Mistakes. You never know when your going to make one. You always think you do, but you don't ever know for sure.
I hate mistakes.
Confidence in everything I do is going to take a lot. A lot of things that I don't have. Life is beautiful, yet I'm struggling to keep a grasp on that. It shouldn't be this hard.
I'm not enrolled in camarillo high anymore. I feel the wieght off, but I know it won't be for long. (Please excuse my constant implication of pessimism.) I know I have to go to school, and what not. But, I definatly don't want to go to school in the valley, and I'm fearing the outcome of the transfer to westlake. My best alternative is independent studies. And I'm not so sure that'll work out. Is it just me, or is nothing easy anymore?

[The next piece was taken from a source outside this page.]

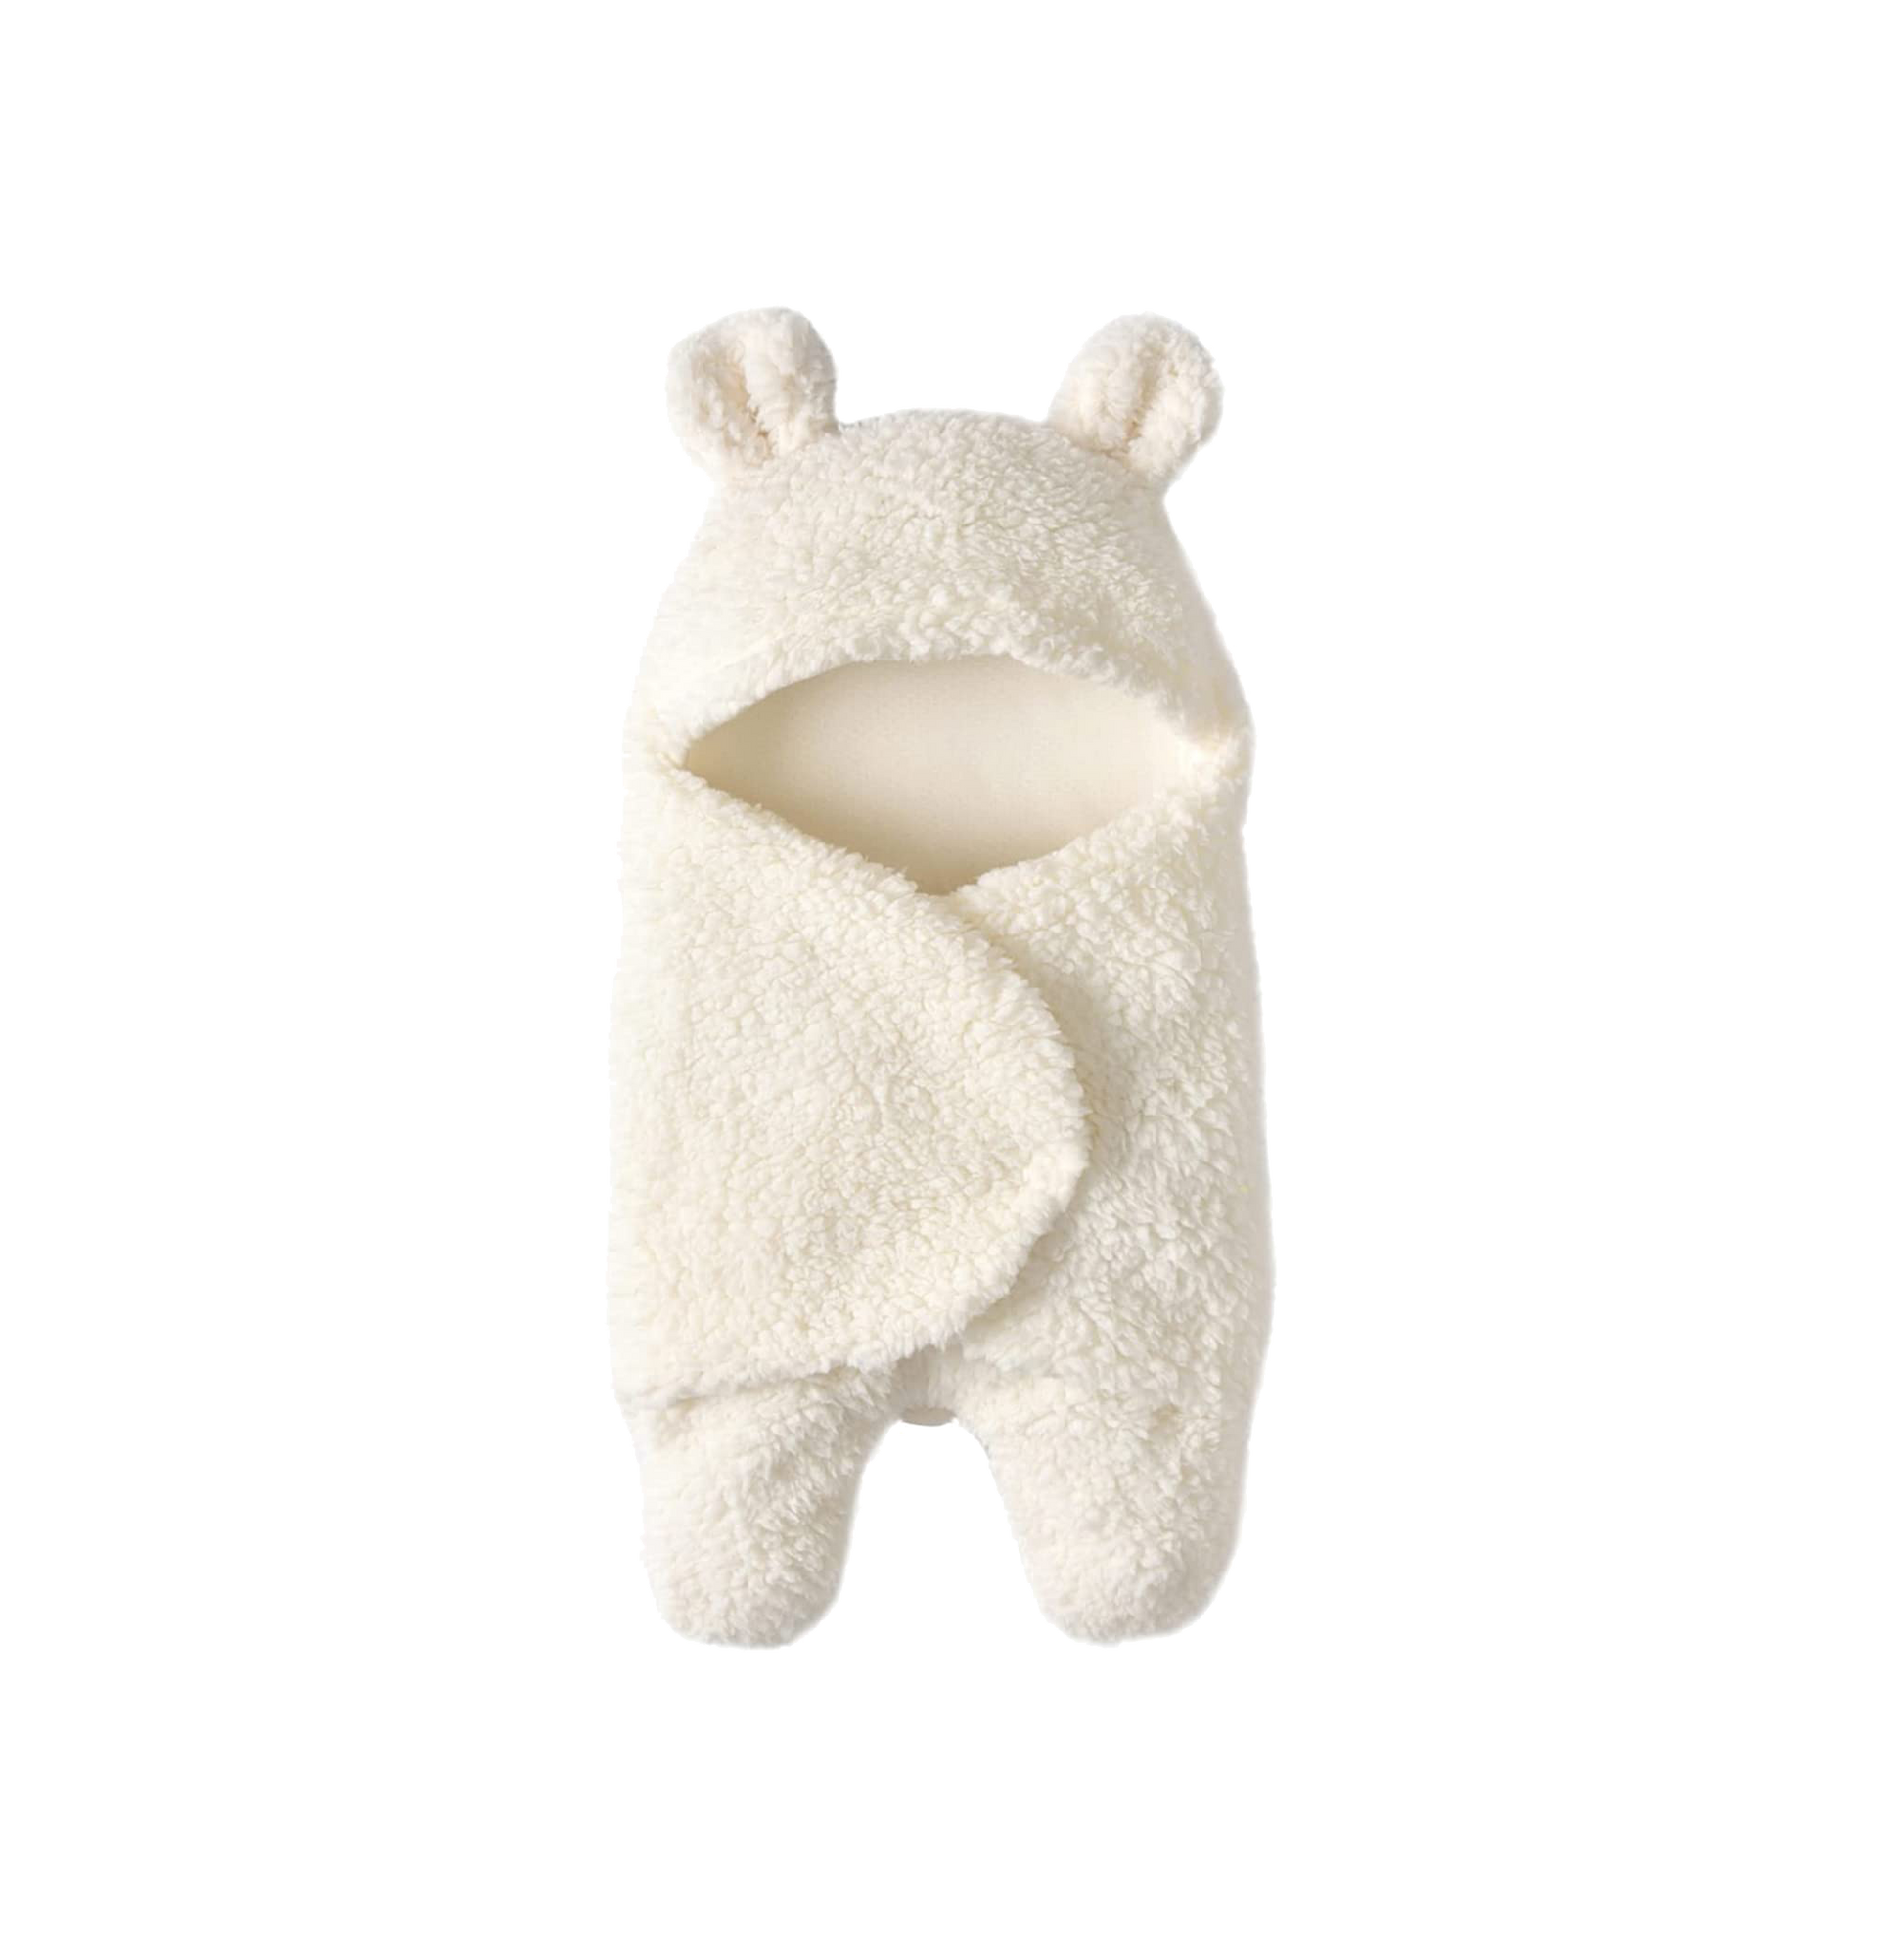 Baby Swaddle Cotton Plush Sleeping Blanket, Ages 0-6m

Today was rough on us all. I had a test in like all my classes. I would have had homework, but I no longer have the obligation to care. (Yeah, I am rubbing that in your face) I wanted to rip out cynthias eyes she used to be my best friend, but all I hear from her mouthe now is constant jealousy, hurt. I can feel it, almost to the point of hate. I don't understand what I did. I don't understand why she doesn't realize her life doesn't have to be that way. It should be easier for her, for us.

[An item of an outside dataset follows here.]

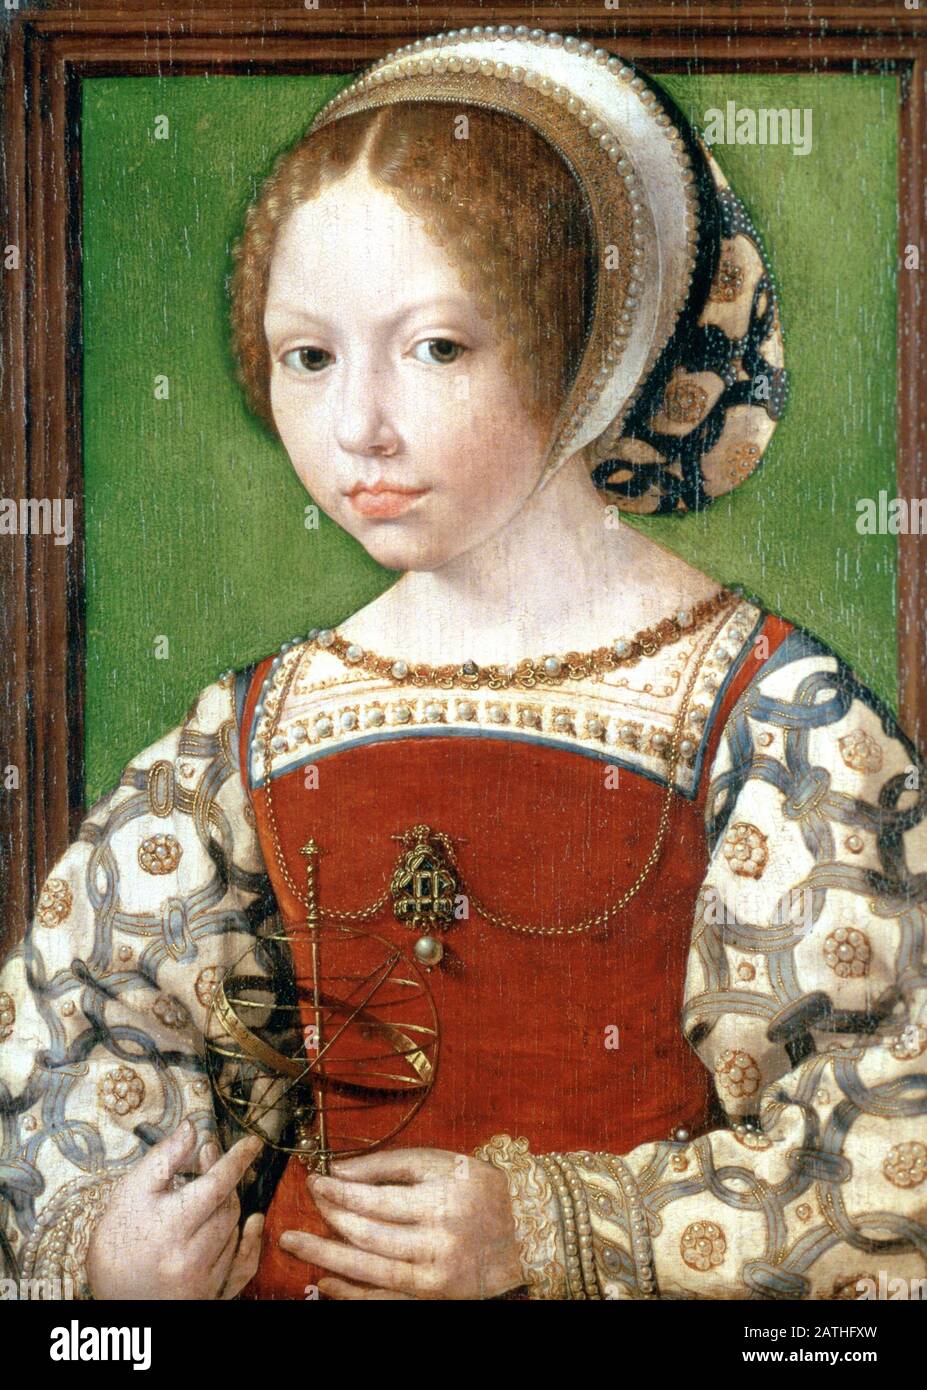 Jan Gossaert Dutch school A Young Princess (Dorothea of Denmark?) Abour 1530-1532 Oil on oak (38.2 x 29.1 cm) London, National Gallery Stock Photo

When I count my blessings .....
I don't dare say what you say. I give thanks for more. Much much more. Rather than family, rather than friends, rather than money I give thanks for things like:
Nature, gods will, smiles, and imagination.
The ability to determine where I stand.
I like freedom, and its a real bust to know that it'll end soon enough.
No one speaks truthe like god does, and that is why I am trusting in him to do what he has to do in this situation. My friends, my family, my whole life . I realize there's billions of people on this planet, and god chooses to love me like I'm the only one. It feels like nothing I can explain through mere words. I just wish everyone knew sooner rather than later.
Brianna has me worried.
Grandma has me worried.
Mother has me worried.
You have my worried.
Worry is something I don't need.
Excuse these pessemistic words. If I put off that impression at all. I'm going through a tough time. have faith.
Pray for the ability to keep my head on straight, and to stay clean and faithful.